JSON Feeds

JSON feed ingester enables users to import any Web JSON API.

Best practices

In OpenCTI, the "Data > Ingestion" section provides users with built-in functions for automated data import. These functions are designed for specific purposes and can be configured to seamlessly ingest data into the platform. Here, we'll explore the configuration process for the five built-in functions: Live Streams, TAXII Feeds, TAXII Push, RSS Feeds, and JSON/CSV Feeds.

Ensuring a secure and well-organized environment is paramount in OpenCTI. Here are two recommended best practices to enhance security, traceability, and overall organizational clarity:

Create a dedicated user for each source: Generate a user specifically for feed import, following the convention [F] Source name for clear identification. Assign the user to the "Connectors" group to streamline user management and permission related to data creation. Please see here for more information on this good practice.
Establish a dedicated Organization for the source: Create an organization named after the data source for clear identification. Assign the newly created organization to the "Default author" field in feed import configuration if available.

By adhering to these best practices, you ensure independence in managing rights for each import source through dedicated user and organization structures.
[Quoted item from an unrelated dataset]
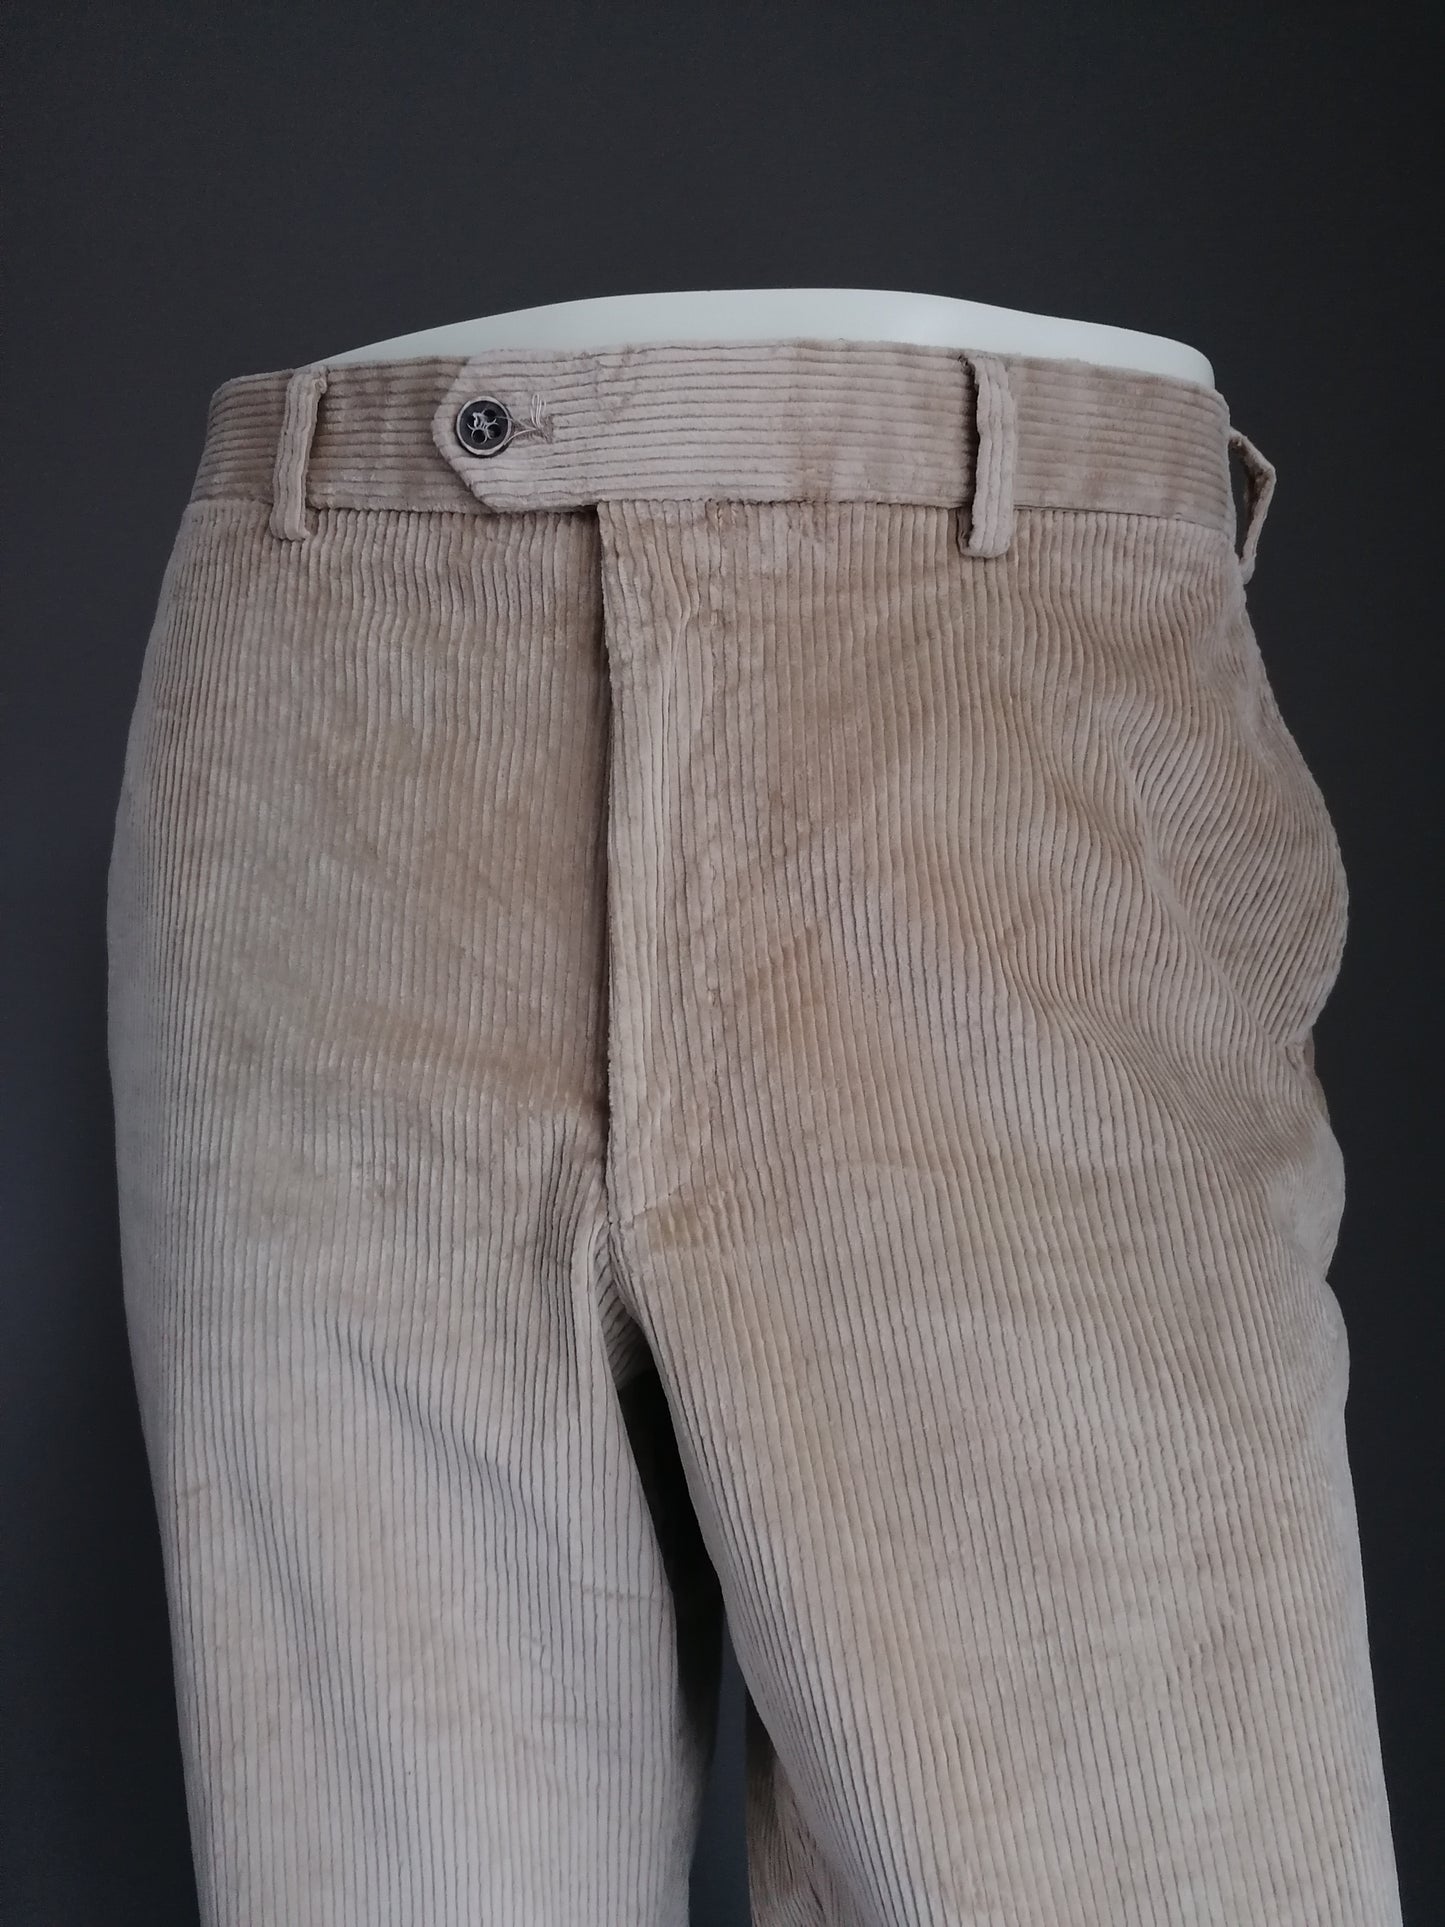 Pantalones / pantalones de la costilla de Hiltl. Color marrón claro. Tamaño 54 / l

In addition, you enable clear traceability to the entity's creator, facilitating source evaluation, dashboard creation, data filtering and other administrative tasks.

Configuration

Configuring a JSON feed will be simple or complex depending on the needs of pagination. So we will show be example of its different and how to configure it in the two cases.

Simple API

Here's a step-by-step guide to configure JSON ingesters:

Schedule period: As the API is not paginated, its recommended to configure a longer polling period
HTTP JSON URL: Provide the URL of the JSON API from which items will be imported.
HTTP Verb: Provide the type of verb that will be GET by default.
JSON Mappers: Choose the JSON mapper to be used to import the data.
Authentication type (if necessary): Enter the authentication type.

Paginated API

For paginated API its more difficult to configure the JSON feed. You have more elements.

Verb and variables

You need to start to configure the verb to use and the variables.

GET

When you use a GET API, a majority of case will use query parameters to be able to setup variables for the pagination. For example lets take an api where the get command need to specify the page number to consume. There is a part of the URI that need to be dynamic.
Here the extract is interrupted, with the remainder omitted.